> _Listed records_
--

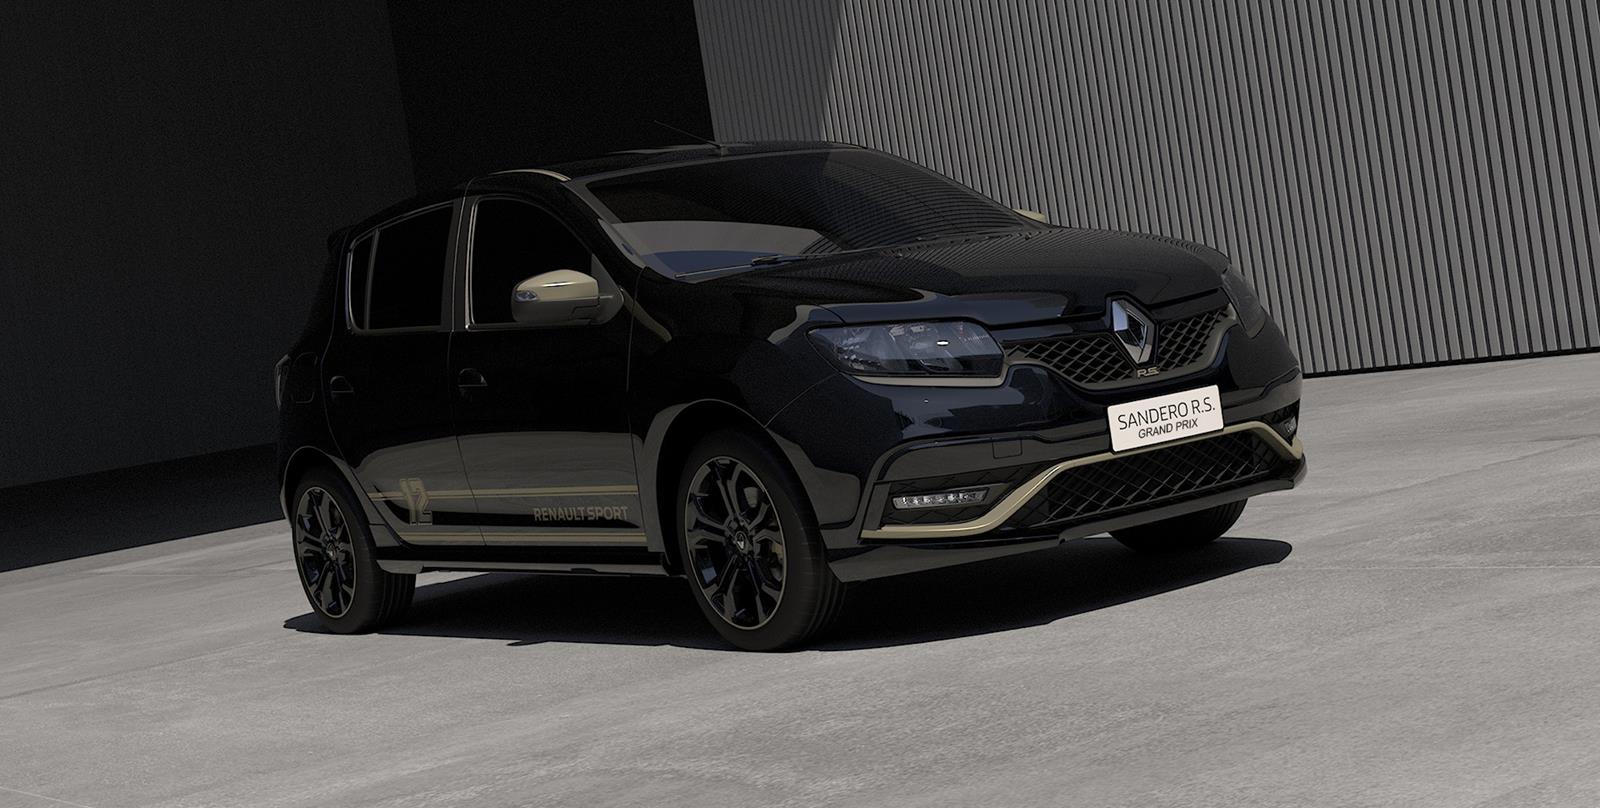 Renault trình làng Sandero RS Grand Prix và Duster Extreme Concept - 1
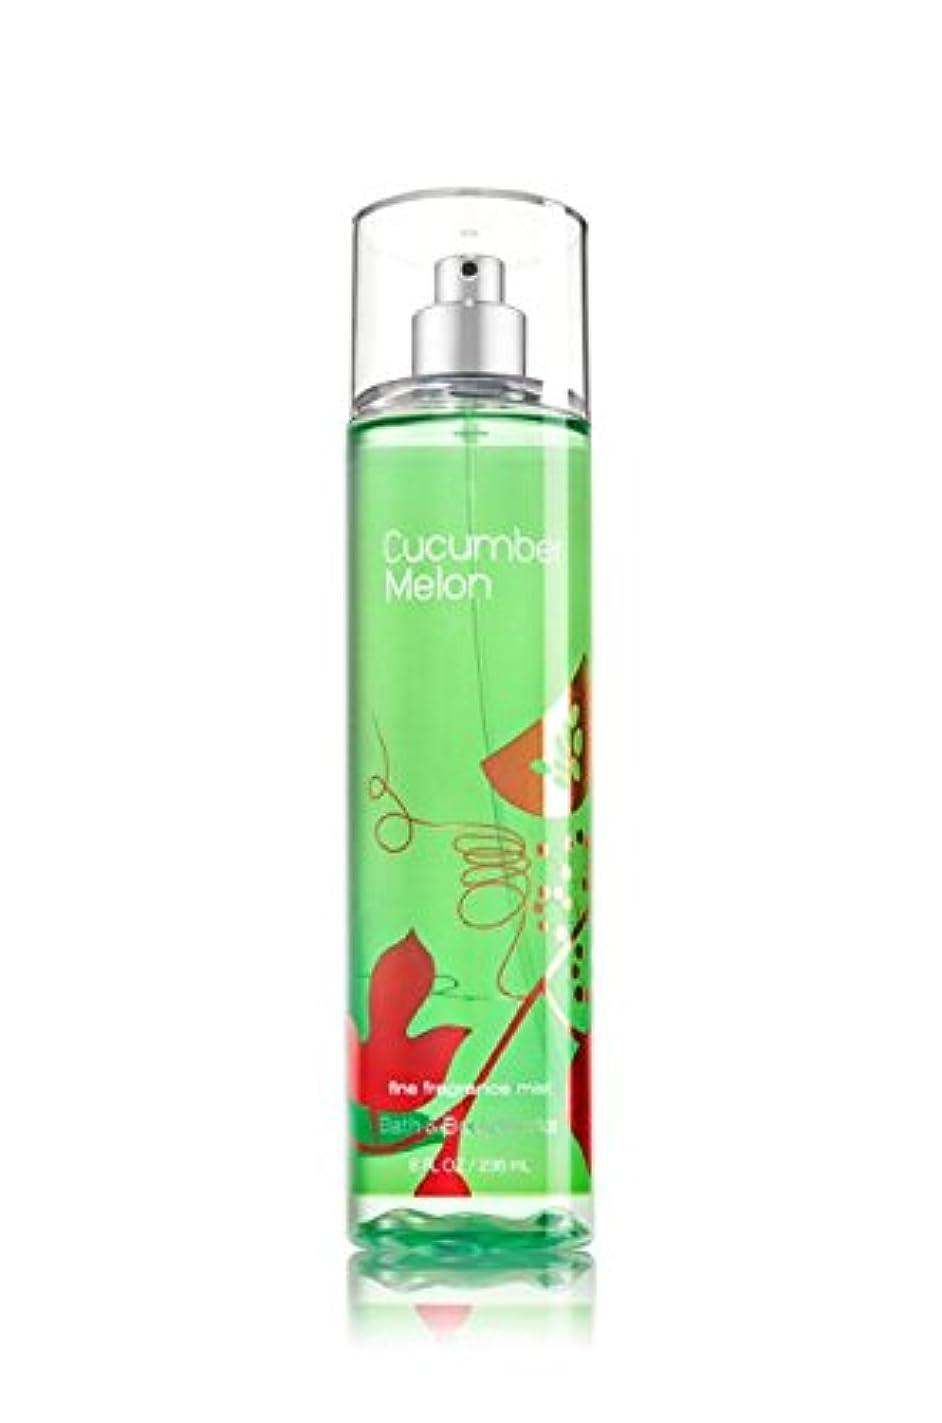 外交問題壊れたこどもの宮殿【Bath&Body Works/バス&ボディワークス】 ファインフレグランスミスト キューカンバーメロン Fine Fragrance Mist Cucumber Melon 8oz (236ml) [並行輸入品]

--

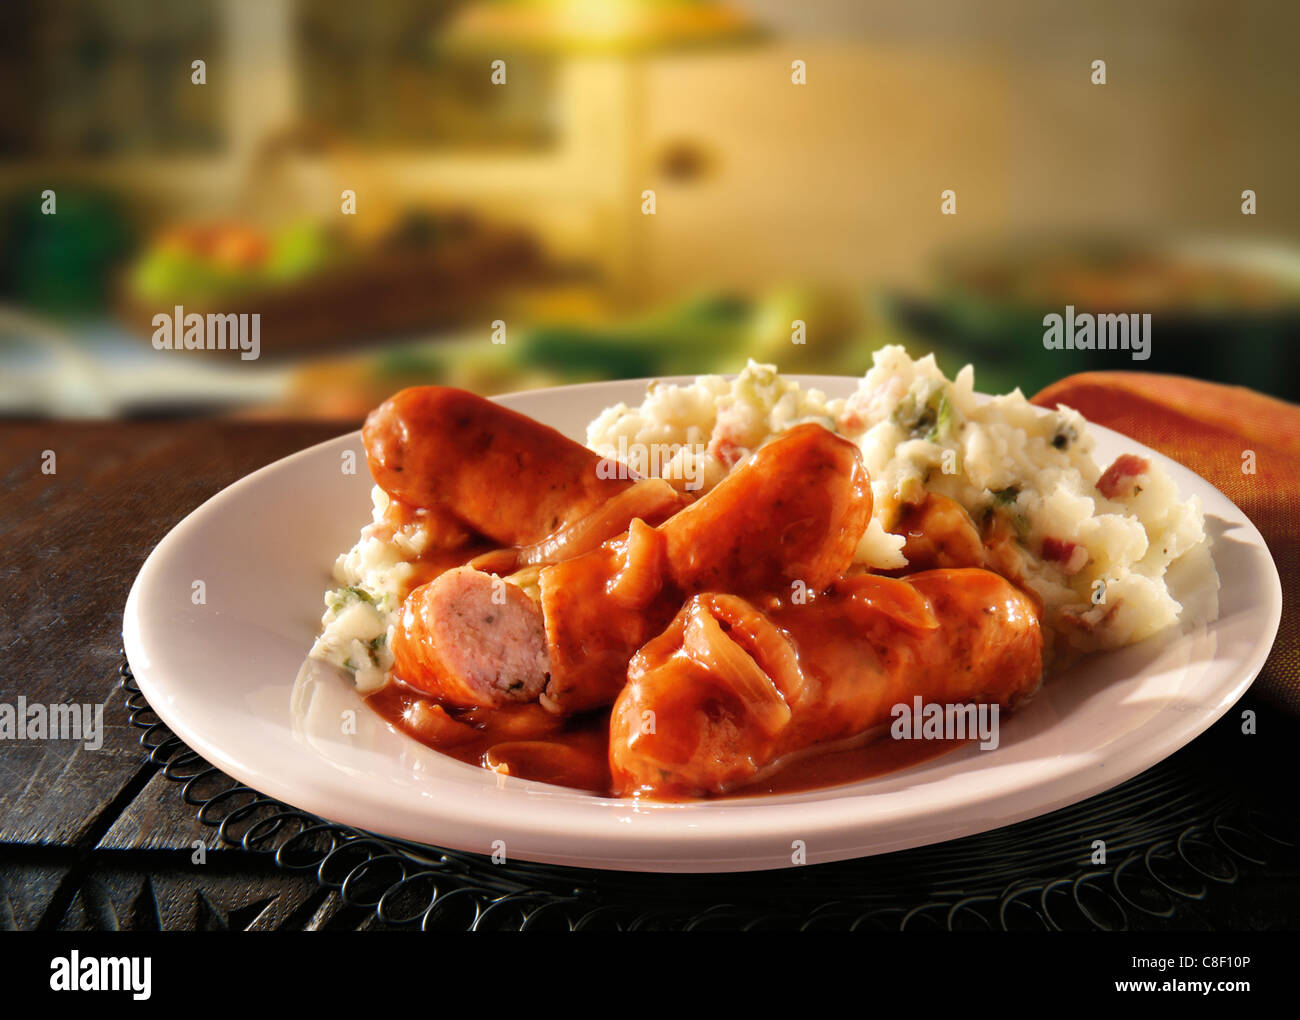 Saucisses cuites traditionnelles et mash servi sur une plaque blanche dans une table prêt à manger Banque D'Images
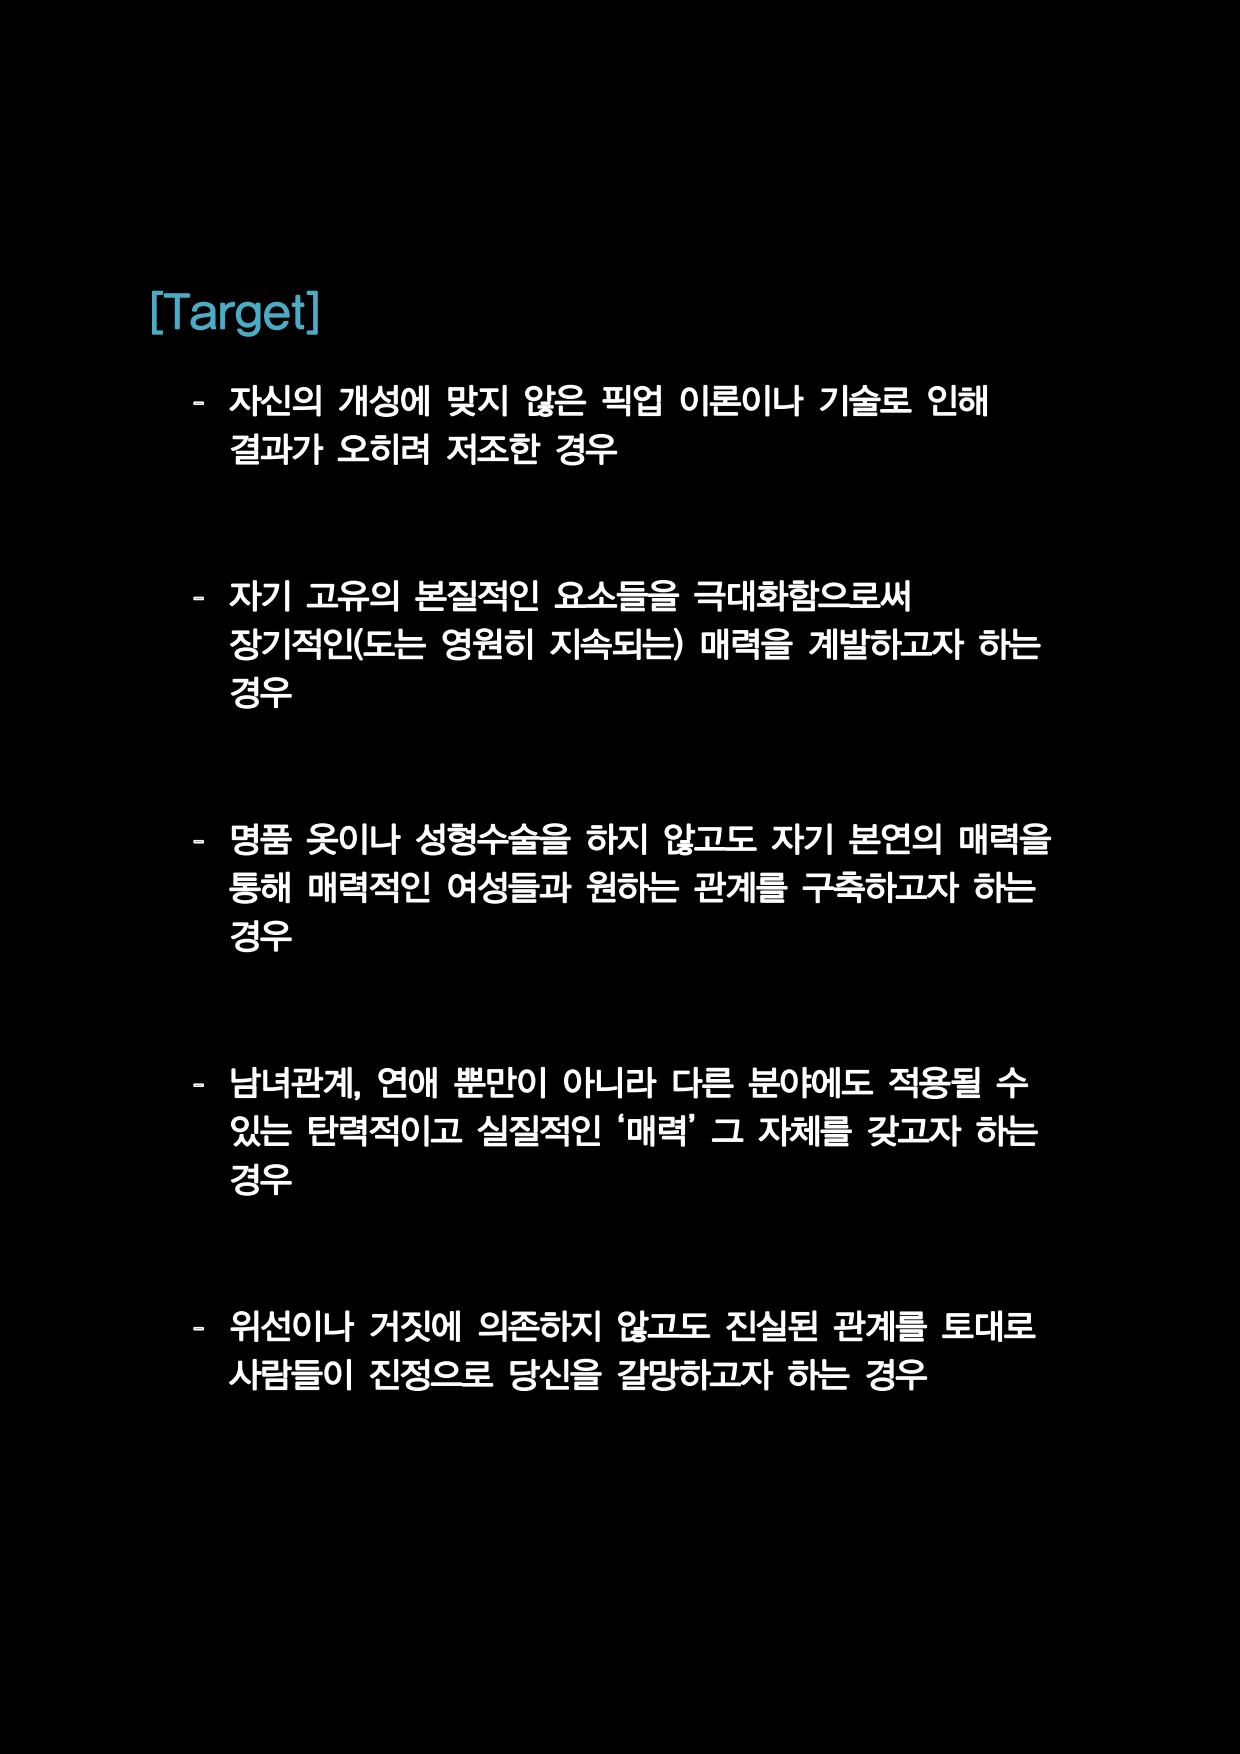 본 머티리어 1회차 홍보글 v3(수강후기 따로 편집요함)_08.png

--

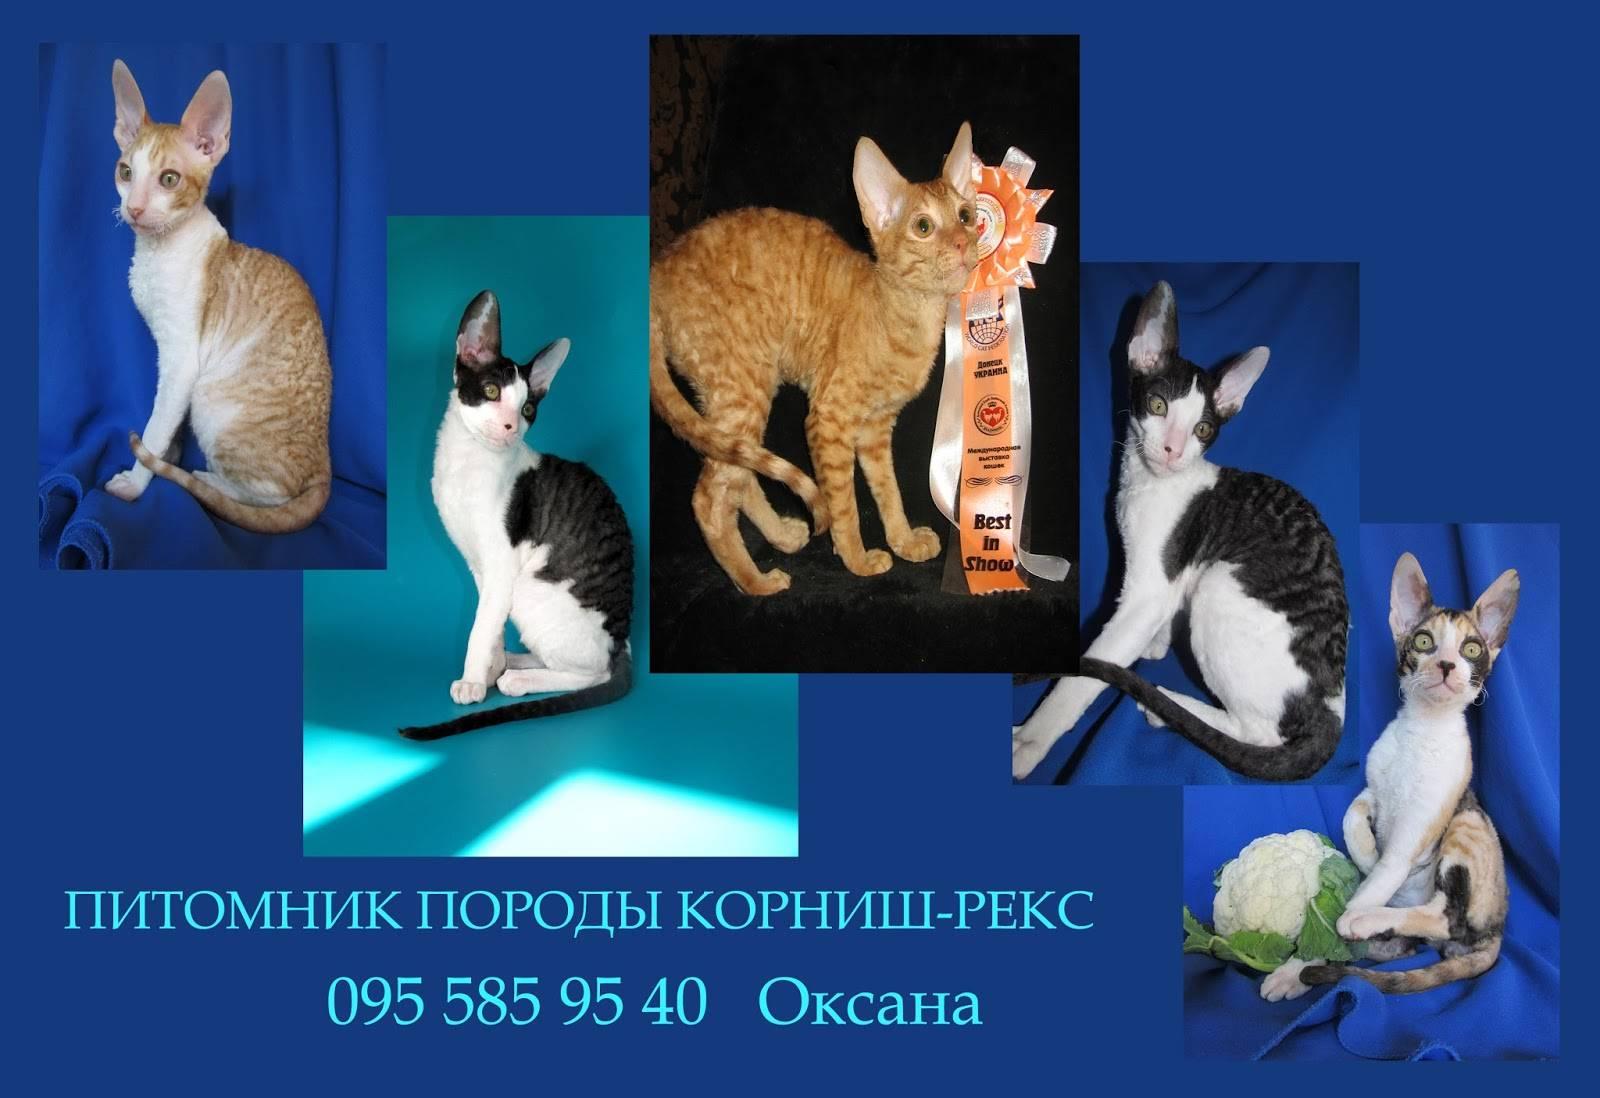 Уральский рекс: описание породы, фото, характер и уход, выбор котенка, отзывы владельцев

--

> _Task instructions_
The line holding "Renault trình làng" starts the copy and the line holding "外交問題壊れたこどもの宮殿【Bath&Body Works/バス&ボディワークス】 ファインフレグランスミスト" ends it. Repeat those two lines above and all between them exactly, leaving out pictures.

> _Response for this exercise_
 Renault trình làng Sandero RS Grand Prix và Duster Extreme Concept - 1
 外交問題壊れたこどもの宮殿【Bath&Body Works/バス&ボディワークス】 ファインフレグランスミスト キューカンバーメロン Fine Fragrance Mist Cucumber Melon 8oz (236ml) [並行輸入品]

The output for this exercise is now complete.